What the task requires. The whole listing needs to be written out exactly, except for any images.

Data shown.
+-------+
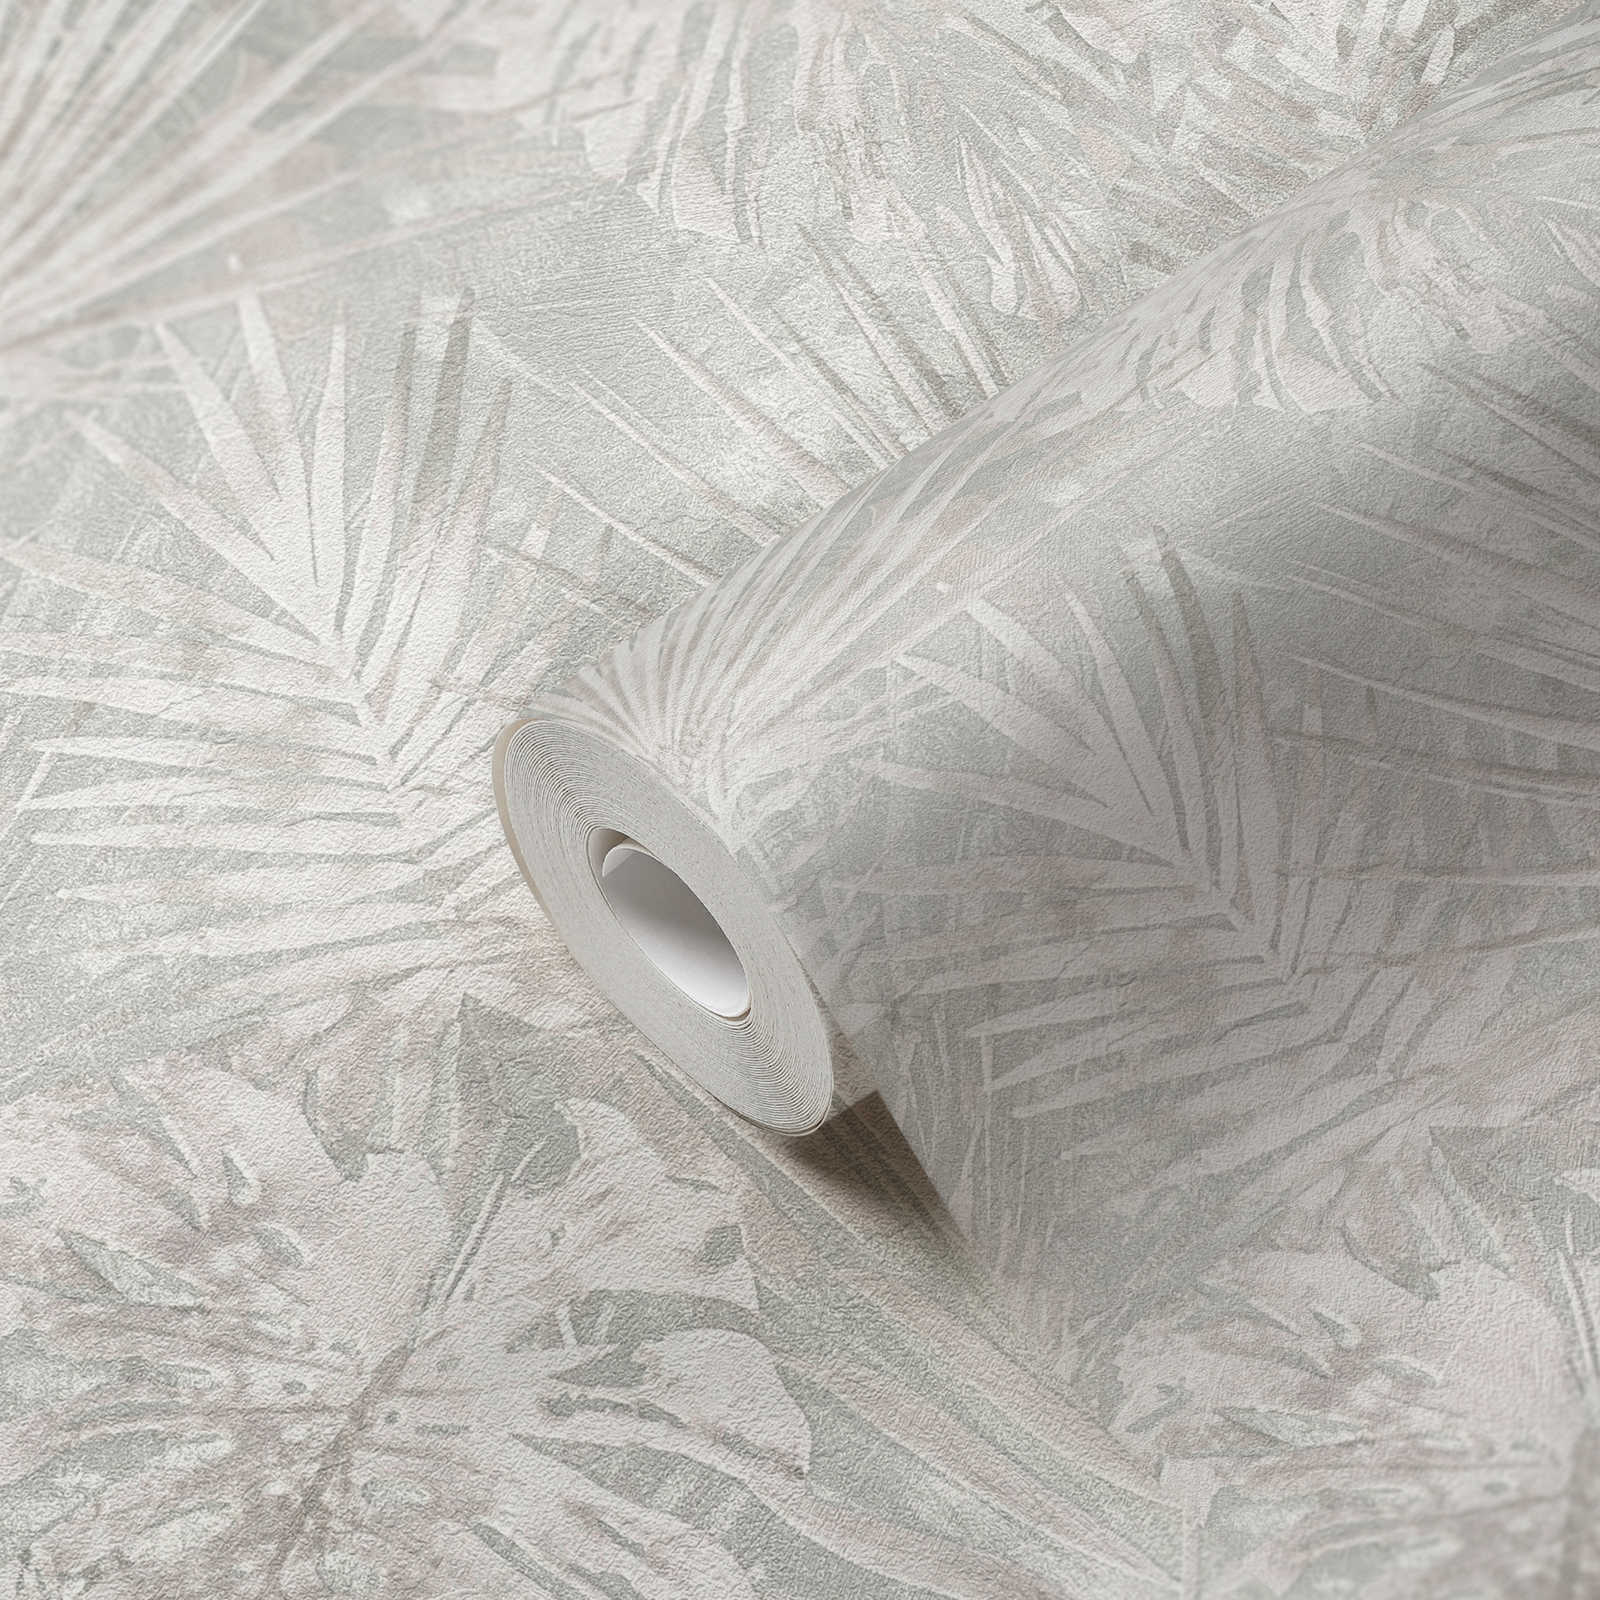             Vliestapete mit Blättermotiv PVC-frei – Grau, Beige, Weiß
        
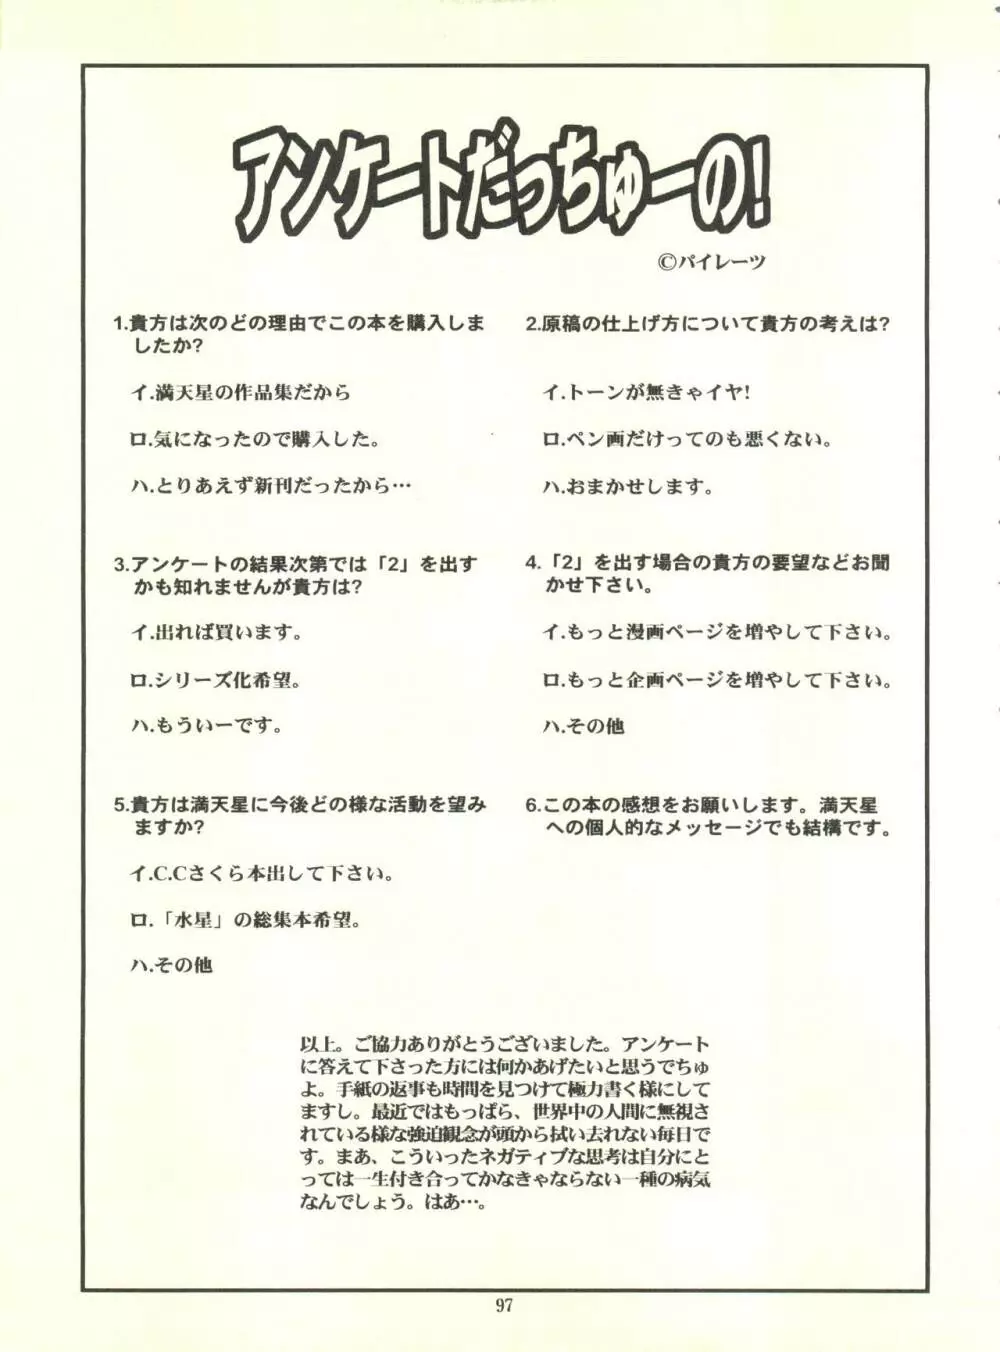 満天星初期作品集 「つつじミュージアム」 97ページ
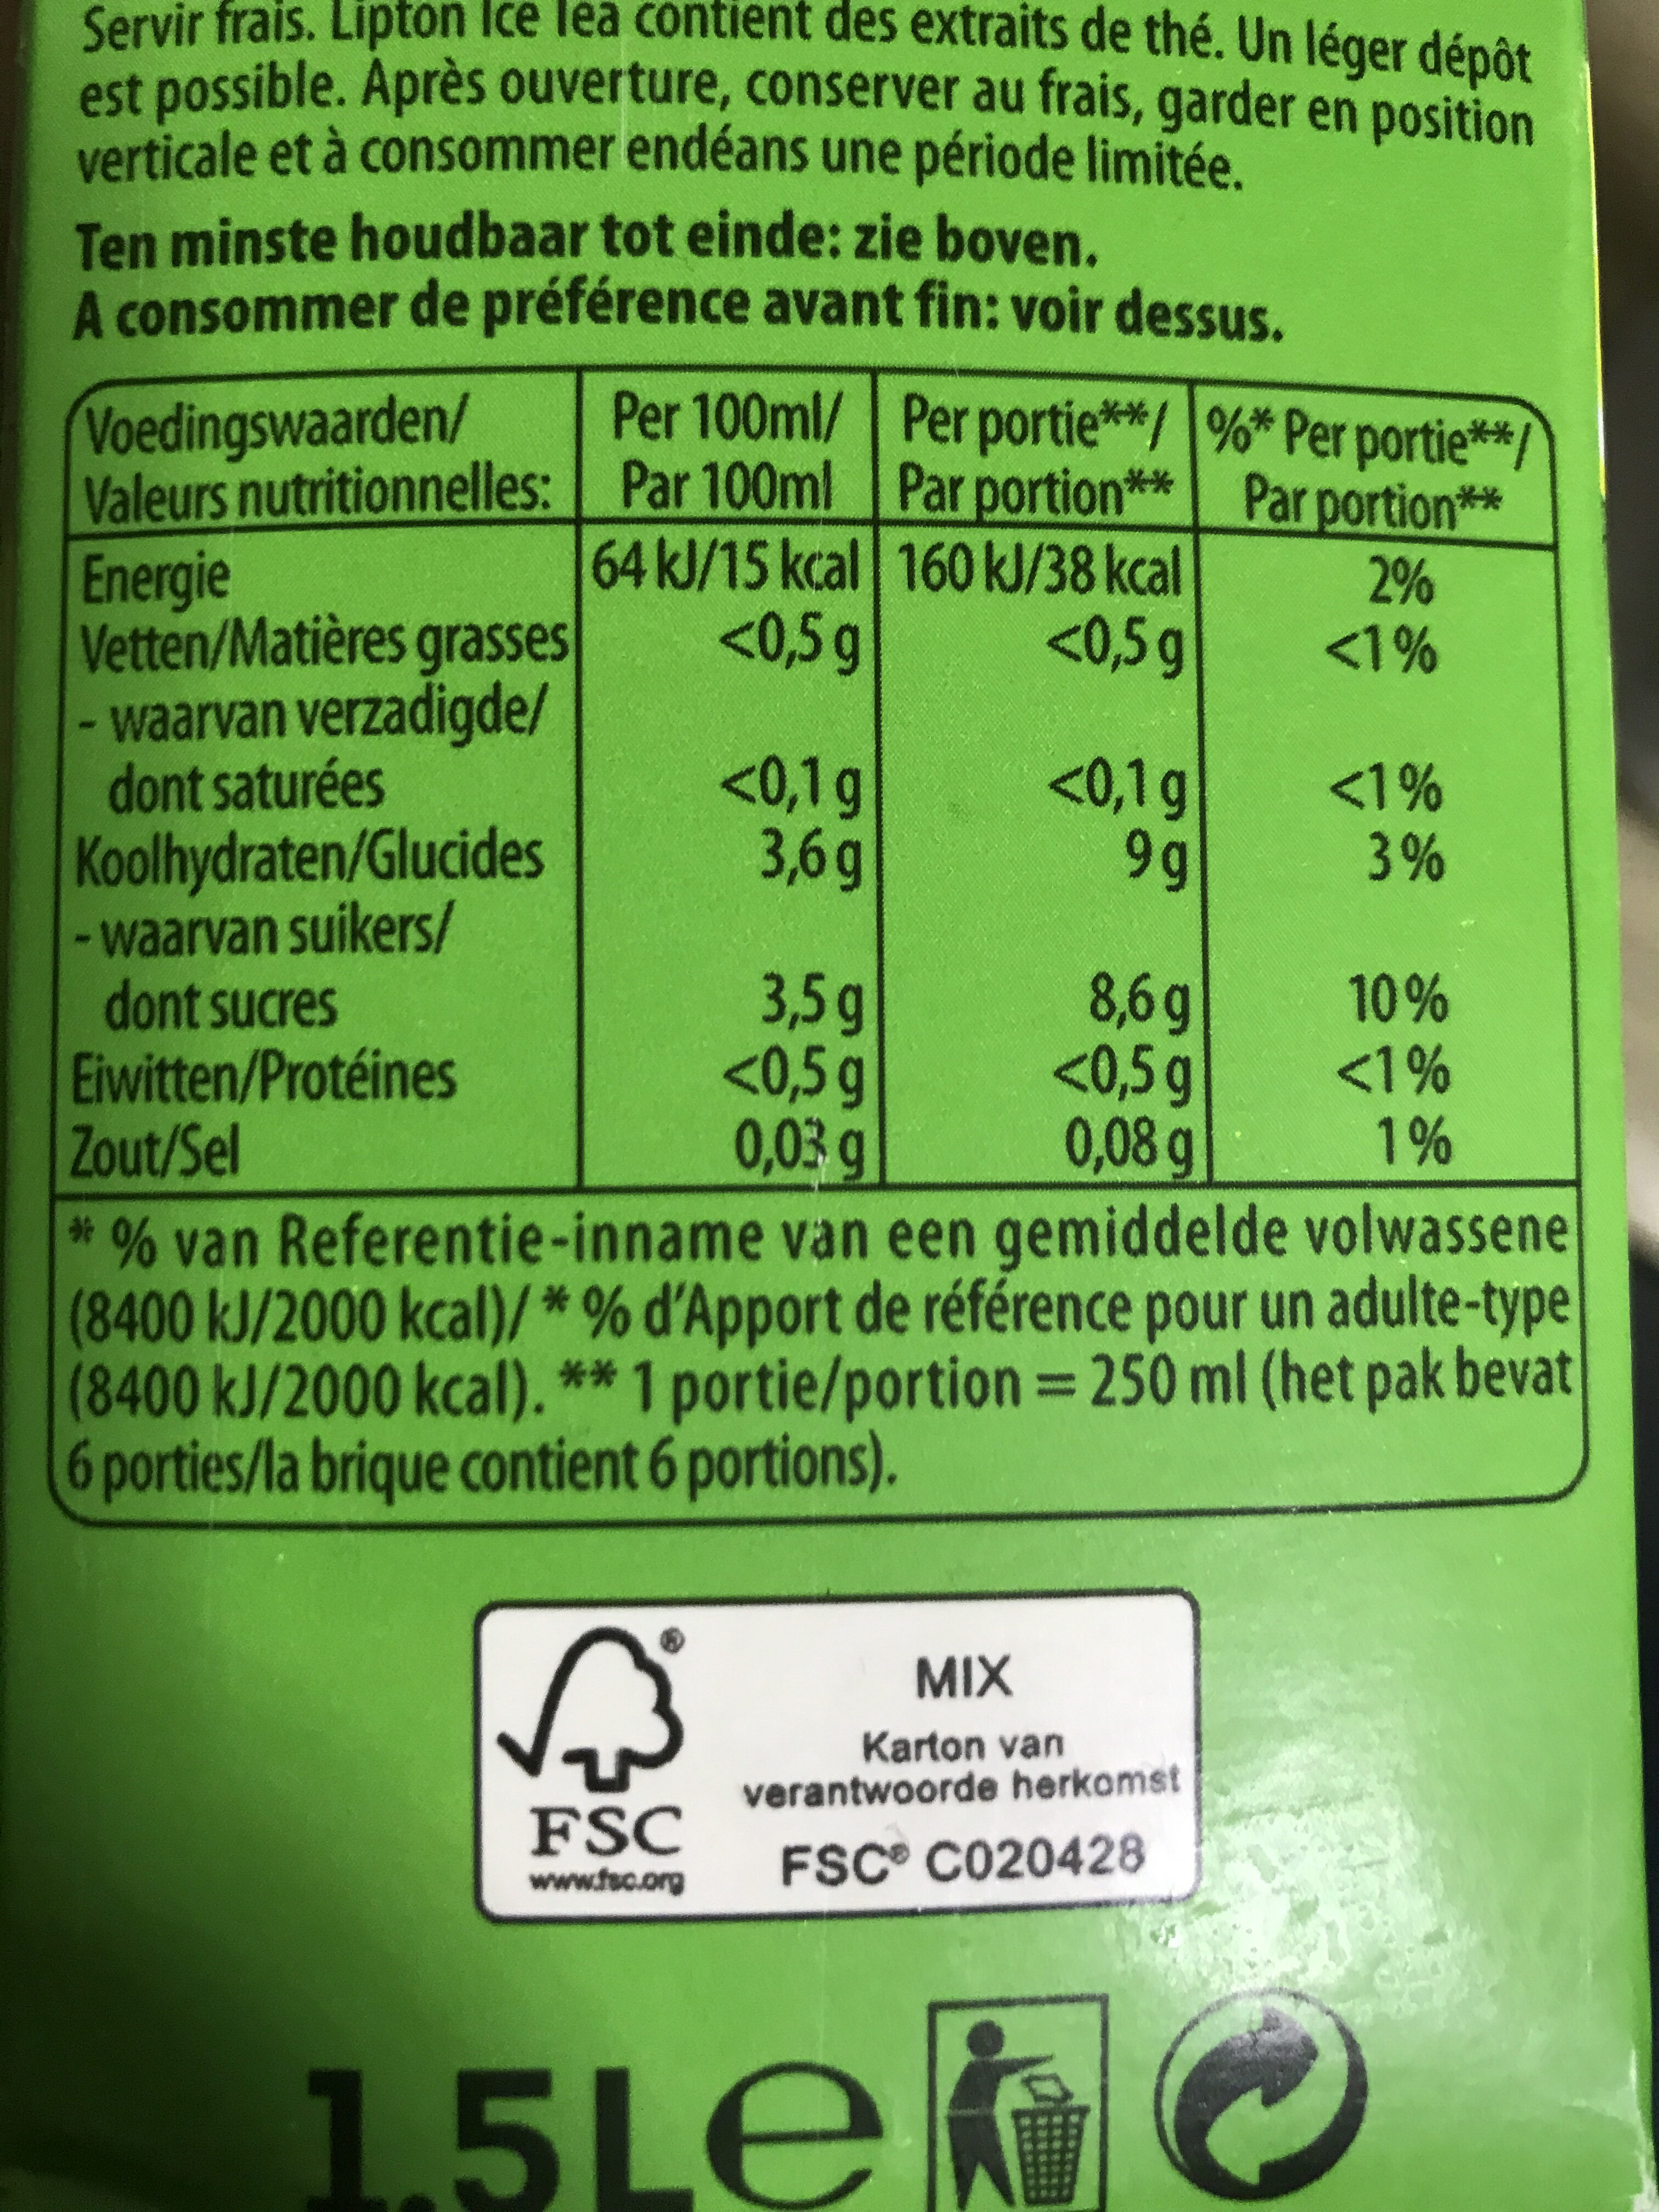 Lipton green ice tea - Voedingswaarden
+-------+
Exercise output.
             Vliestapete mit Blättermotiv PVC-frei – Grau, Beige, Weiß
        
 満天星初期作品集 「つつじミュージアム」 97ページ
 Lipton green ice tea - Voedingswaarden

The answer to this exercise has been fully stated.